Of course, there is more to every picture than just excellent or terrible, joy or sorrow. Numerous people prosper in this ambiguity. “Hiding Out in the Open” explores the baggage that any relationship gathers—a mountain of issues we can never completely eliminate. Feist sings, “Nothing’s gonna make us new / What’s done is not gonna undo,” letting the words dangle until they slur as if she is trying to escape her axiom.

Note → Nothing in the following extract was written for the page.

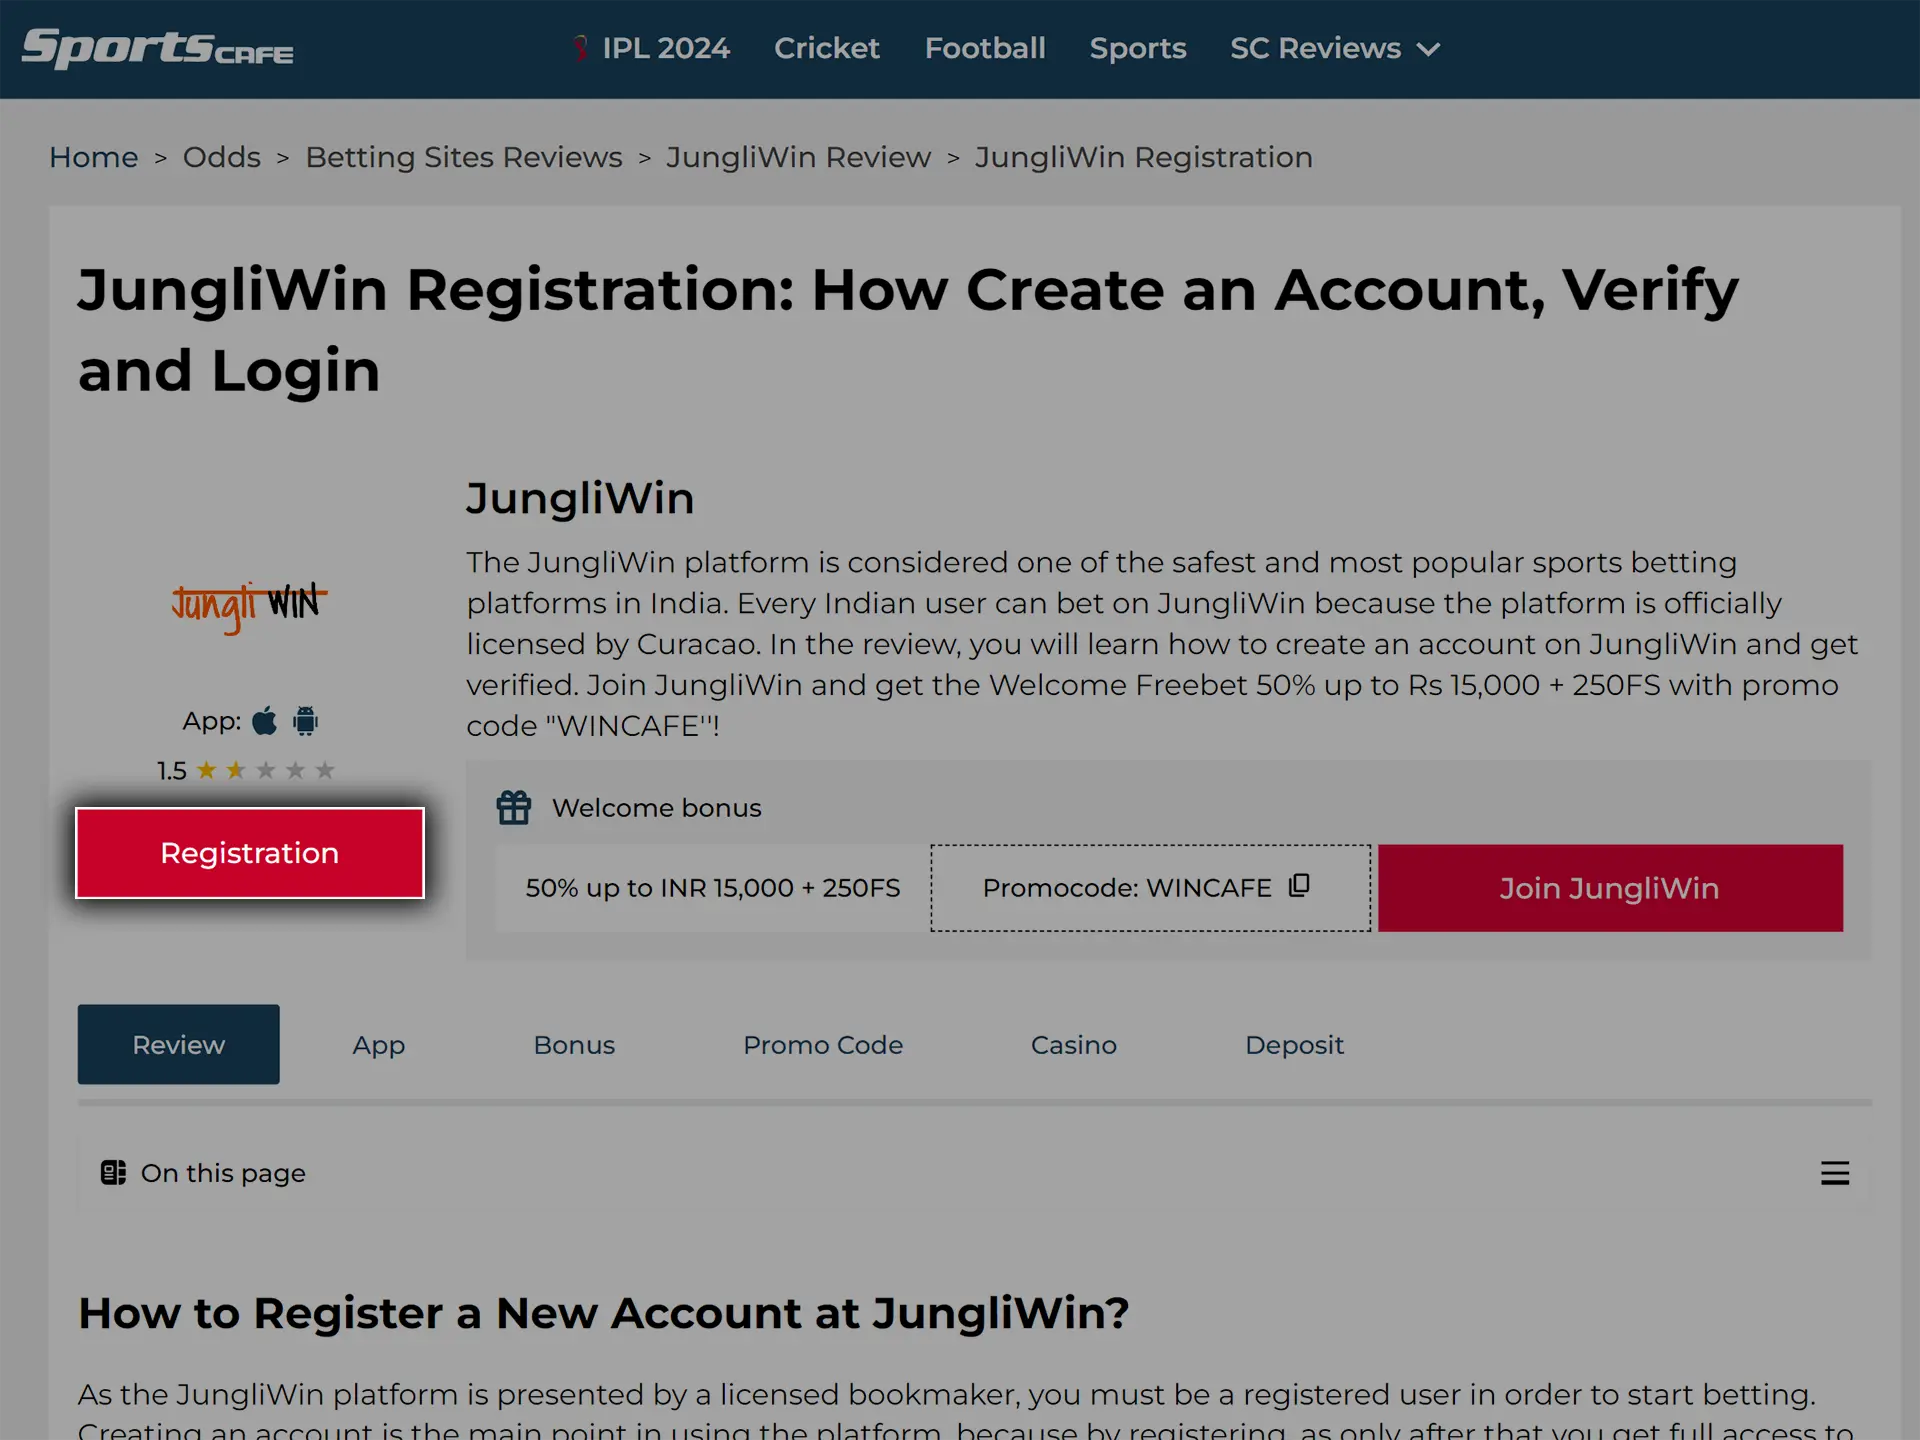 Go to the JungliWin website to start registering.Go to the JungliWin website to start registering.

And by paying close attention, the record develops into much more than just calming background music. As it comes to a close, “Song for a Sad Friend” adds an unexpected freeform keyboard melody and happy backup vocals. The voices on “Become the Earth” have an electronic stutter and shimmer effects, so they aren’t entirely human.

Tracklist

NO TITLE TIME
1 In Lightning 3:25
2 Forever Before 5:17
3 Love Who We Are Meant To 3:55
4 Hiding Out In The Open 3:21
5 The Redwing 3:18
6 I Took All Of My Rings Off 3:56
7 Of Womankind 3:52
8 Become The Earth 4:17
9 Borrow Trouble 4:05
10 Martyr Moves 3:25
11 Calling All The Gods 3:49
12 Song For Sad Friends 3:49

Album Summary

The musician exploits her expertise and advancing years on her best album. Perhaps it concerns the type of music that Feist is doing right now. She is several variations away from The Reminder’s pop-leaning pleasure centers. A discography that is as gratifying as it may be dense—or instead, so minimal and unassuming that it calls for some patience—has replaced the freedom provided by “1234” Feist has grown more at ease with using quiet into her intelligence and inquiring songs as she has matured as an artist and aged. Multitudes feel like a logical progression from the closeness she evoked on Pleasure, reaffirming what made that album so subtly and individually unique.